春いちばん、蕗の薹(フキノトウ)。

江戸っ子はほろ苦くて、えぐ味があって、土の匂いのする山菜が大好き。
その末裔である私も大好物です。
何故なら、我思うに、約400年前に江戸の町が作られ、そこに呼ばれて住み着くようになった江戸っ子たちは「自分の土地」を持つなんて考えたこともない民でした。
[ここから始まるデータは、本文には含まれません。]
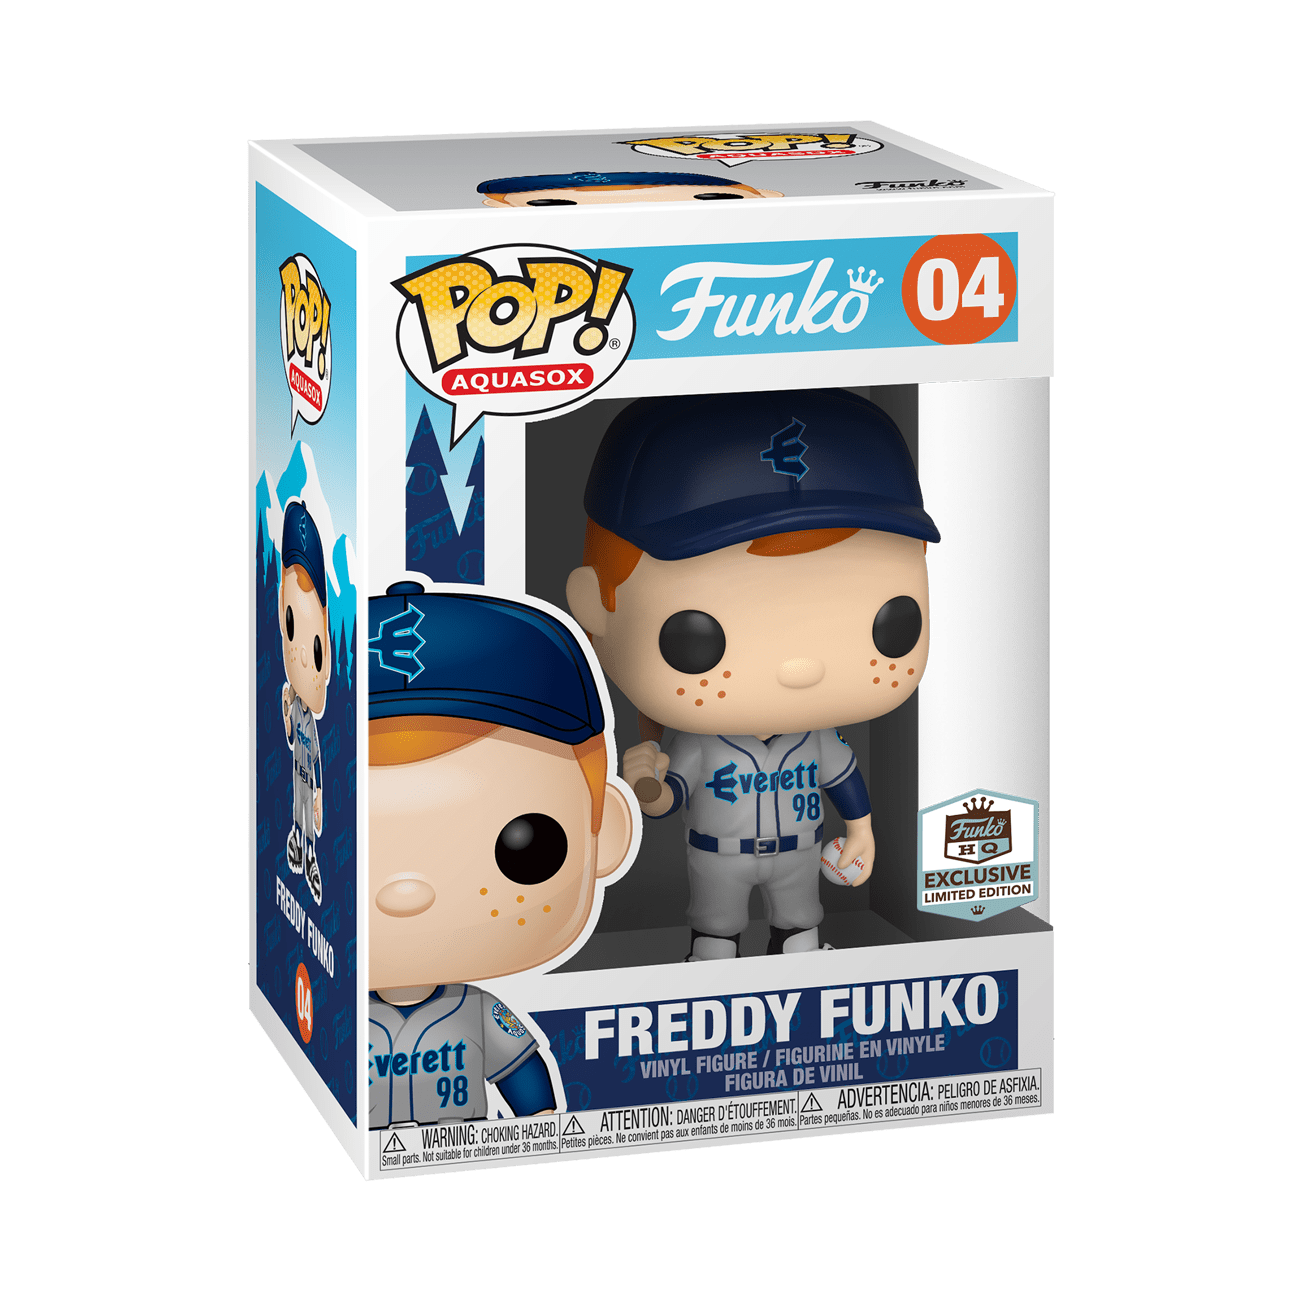 Funko Pop! Freddy Funko (Aquasox Jersey) (Freddy Funko)
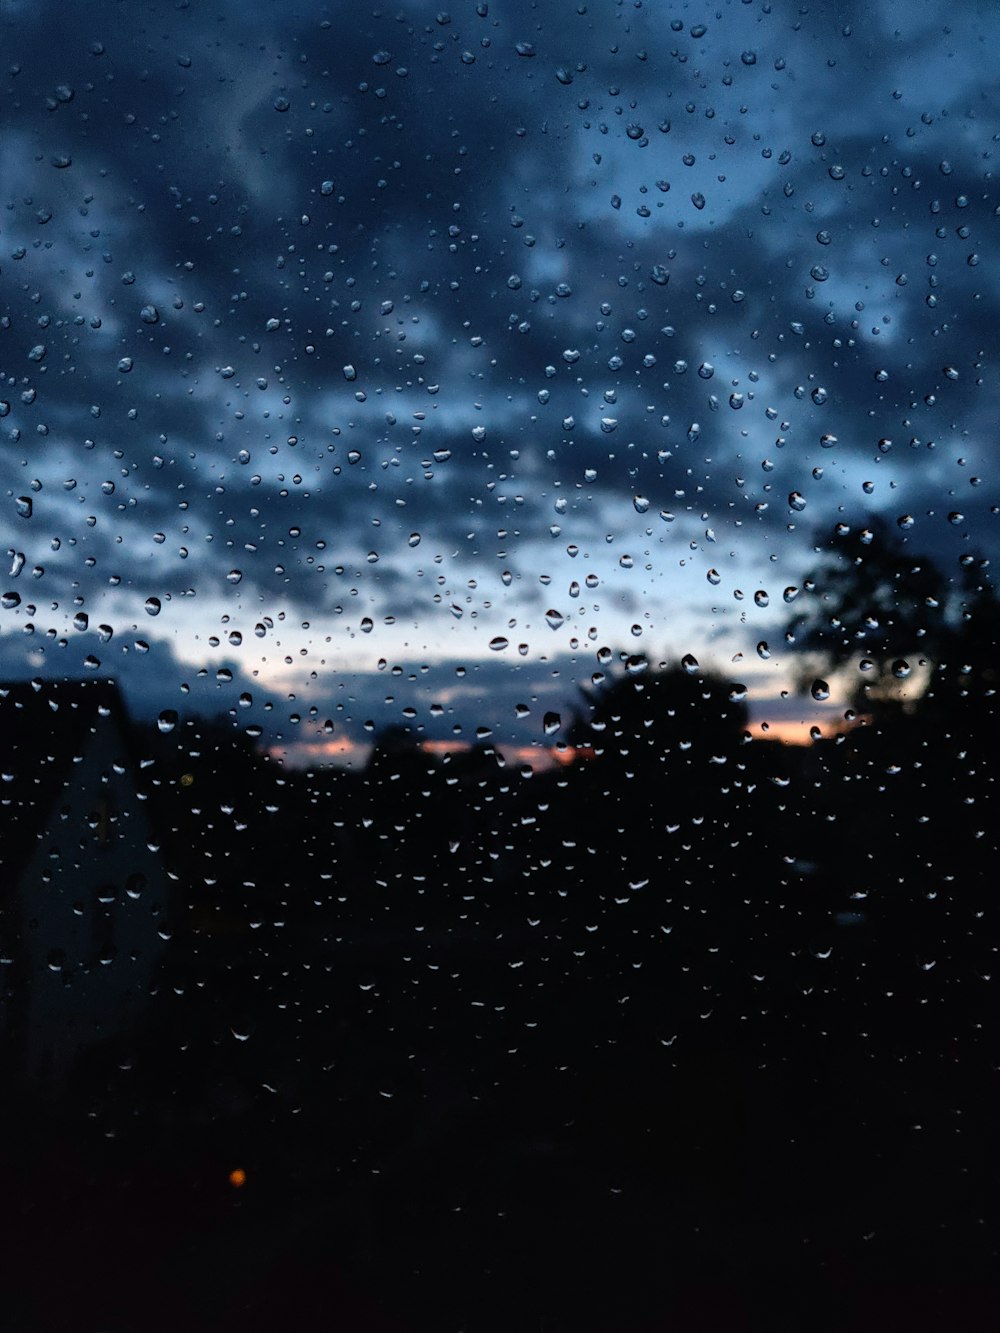 rain drops on a window as the sun sets

どんなものであれ「持つ(所有する)」ことが似合わない連中でしたから。
でも、そんな民にだって幼いころに育った土地の記憶はあったはず。
その地面から切り離されて100万都市江戸に来たわけで、それでも彼らの中に残っていた「あらかじめ失われた土地の記憶」が苦くて土の匂いのする食材に、本能的な郷愁をおぼえたのではないでしょうか。
私の伯母の末期の一食も「どぜう汁」だったし。


そんな春の山菜で、まず最初に食すのはフキノトウ。
土を払い、アクなんか気にせずに手早くみじん切り。
油で炒め、酒・醤油で味付けるだけの一品。
ごはんにも酒の肴にも合うし、これを酢飯に混ぜこんだおいなりさんもおいしーい。


もう一品は味噌汁。
昆布か煮干しで出汁をとり、ざっくりした風味の味噌をとく。
その間に2人分なら3個ほどのフキノトウを手早くみじん切りにして、味噌汁の煮えばなにパッと入れ蓋をしてすぐに火を消す。5〜6秒まってできあがり。
この食し方がフキノトウの香りも味も食感もすべて感受できる一品だと、フキノトウフェチの私は思います。